It was understandable that, as soon as the draw was made for the Munster SHC on Monday, the bookmakers would make Limerick warm favourites for the semi-final clash against Cork.
While Cork haven’t lost a 70-minute championship game to the Shannonsiders since the 2013 Munster final, John Kiely’s team have won two of the last three All-Irelands, with the first of those coming after the extra-time win over Cork in the 2018 semi-final.
However, former Cork defender John Considine, who managed the last All-Ireland minor-winning Rebels side in 2001 and was in charge of the current U20s when they won the one-off U17 title in 2017, believes that there isn’t an insurmountable gap between the sides and that success for Cork could have a transformational effect in terms of belief.
“Cork will need some breaks to go their way and if they do, they’ll be competitive,” he says.
“But, at the same time, imagine if Cork beat Limerick – within a few hours, people would be saying that Cork are back and must be All-Ireland contenders.
“Last year, people were hopeful going in and there was a huge sense of deflation after the Waterford game. When you have players that don’t have All-Ireland medals, those reactions are amplified – if Cork were to win, you wouldn’t be writing Limerick off. When you’ve done it on the big day, you have that extra bit of capital.”
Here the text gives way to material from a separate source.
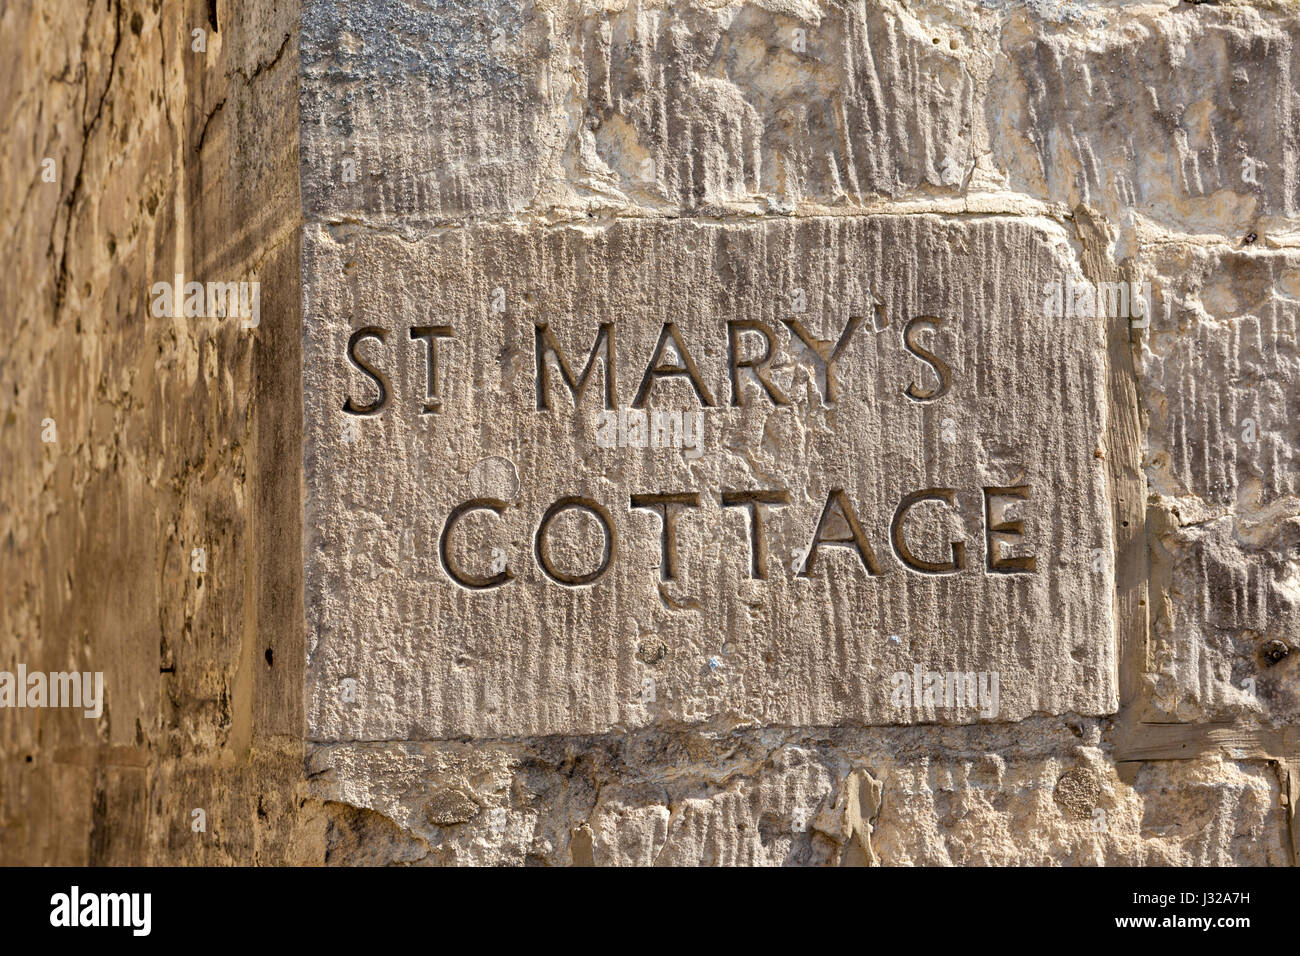 St Marys Cottage nome scolpito nella pietra di Cotswold nel villaggio di Painswick, GLOUCESTERSHIRE REGNO UNITO Foto Stock

Reams of paper have gone towards breaking down the importance of mindset and confidence in influencing success in sport and in life. It’s something that Considine is well aware of.
“When I got on the Cork team, I never worried about being good enough to play fellas from outside of Cork,” he says.
“I was used to the Liam MacCarthy Cup coming to the school so much, so getting on the Cork team meant that you knew you were as good as anyone else.
“Belief plays a huge part. I went to secondary school in Sullivan’s Quay and Billy Morgan was our coach and he used to tell us about the poem . He couldn’t understand how lads would come in from the Barrs and Nemo, where they were used to winning and playing out of their skins, and then put on a Sully’s Quay jersey and think that, because the school hadn’t won anything in ages, they couldn’t do it.
“I was an impressionable young fella and I could see that he was right.
Last year, Cork had an up-and-down league and the same inconsistency plagued them in the championship.
“It’s very hard to draw a line through last year,” Considine says.
“You had the league at the start of the year and you were saying, ‘They’re doing some stuff well and some stuff not so well.’
“If you look at the games over the last number of years, you’re not going far unless you’re shooting 25 points and the general feeling about Cork is that they’re best in shootouts. On the downside, maybe they’re just giving away scores too easily.
“The biggest single thing that Cork have to overcome is that they don’t have guys with All-Ireland medals in the dressing room. They have it in the backroom team but not in the squad and that’s immeasurable.
“You look at the NFL – Tom Brady goes to Tampa, a 40-something-year-old man, but he brought an aura with him, ‘This guy knows how to win.’
“That’s a fixed obstacle and you can’t overcome that until you win one.”
To that end, an All-Ireland U20 victory when that final is played would be a huge step. Having worked with those players four years ago, Considine has full faith in their ability to progress.
“I’ve seen them and I know that they’re that good,” he says.
“Obviously, they’re not the finished article and they’ll have to mature and learn, but look at how they interchanged over the U20 championship.
“Look at what Alan Connolly did in the Cork senior championship final and he’s not guaranteed to be starting the All-Ireland final.
“All of those guys are coming and it’s probably too early. I don’t think that anyone would pick Cork over Limerick for the senior All-Ireland this year, but the gap isn’t as big as you might think.”